Task directions: An exact copy of the data is required, with no pictures in it.

Top of Data excerpt

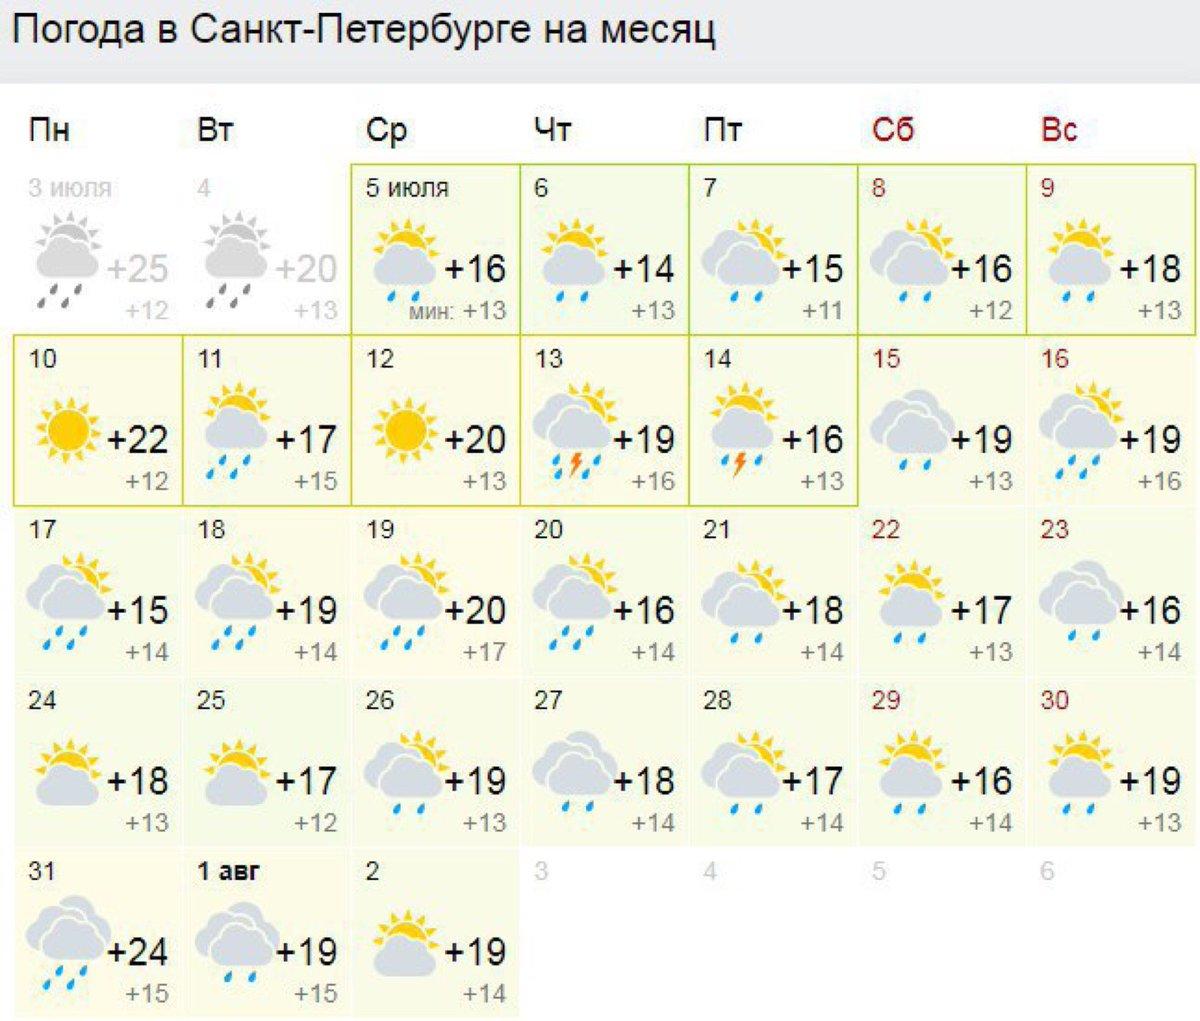 хранение парфюма погода в ангарске на ноябрь месяц парфюмированное
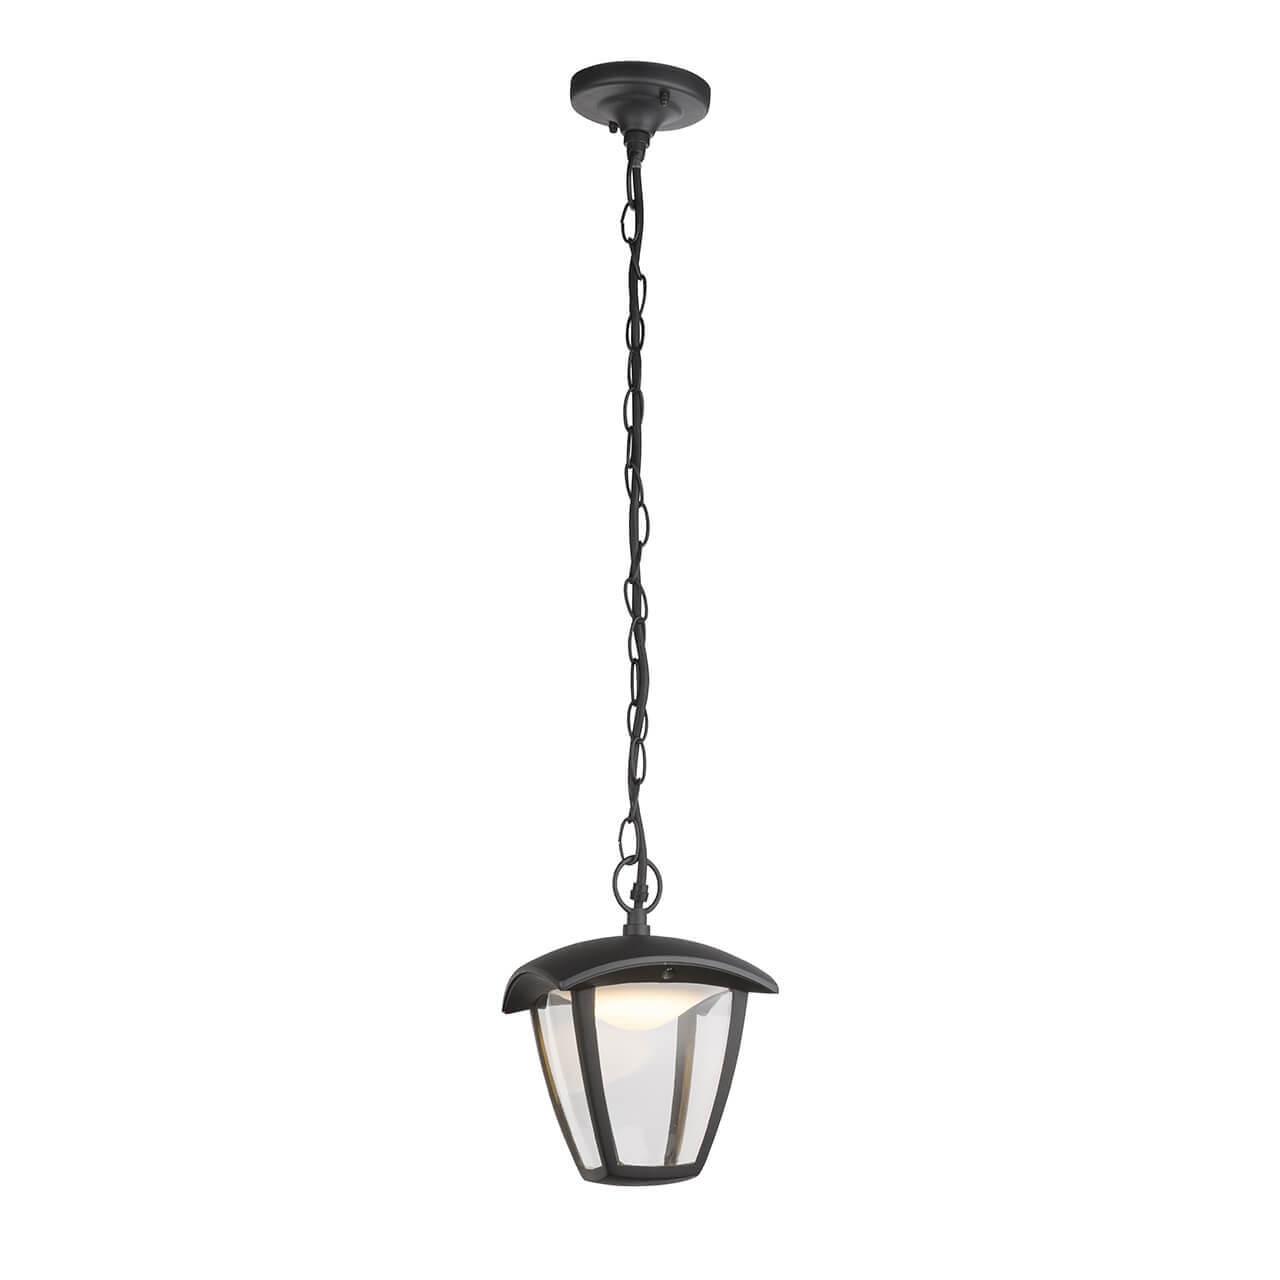 Уличный подвесной светодиодный светильник Globo Delio 31829 globo фонарный столб globo delio 31828
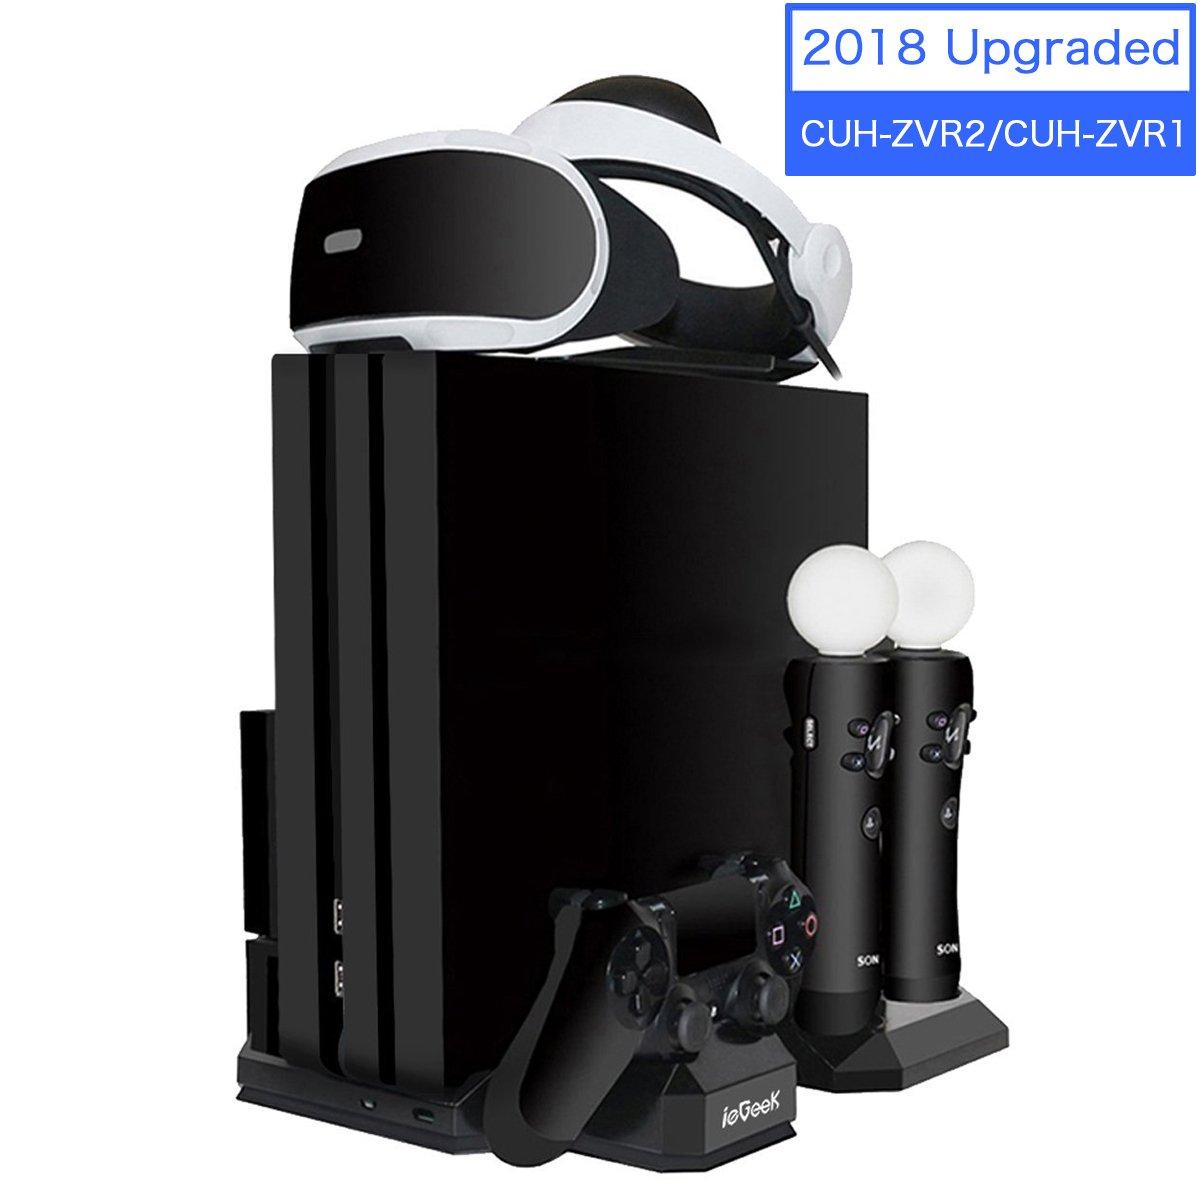 Mis à jour ieGeek Support de Charge PSVR, Socle PS4 Slim / PS4 Pro / PS4, [Tout en 1] PS4 Ventilateur / Vertical Stand Support pour PlayStation VR, Chargeur de Manettes DualShock 4 et PS Move

Bottom of Data excerpt

Completed exercise:
 хранение парфюма погода в ангарске на ноябрь месяц парфюмированное
 Уличный подвесной светодиодный светильник Globo Delio 31829 globo фонарный столб globo delio 31828
 Mis à jour ieGeek Support de Charge PSVR, Socle PS4 Slim / PS4 Pro / PS4, [Tout en 1] PS4 Ventilateur / Vertical Stand Support pour PlayStation VR, Chargeur de Manettes DualShock 4 et PS Move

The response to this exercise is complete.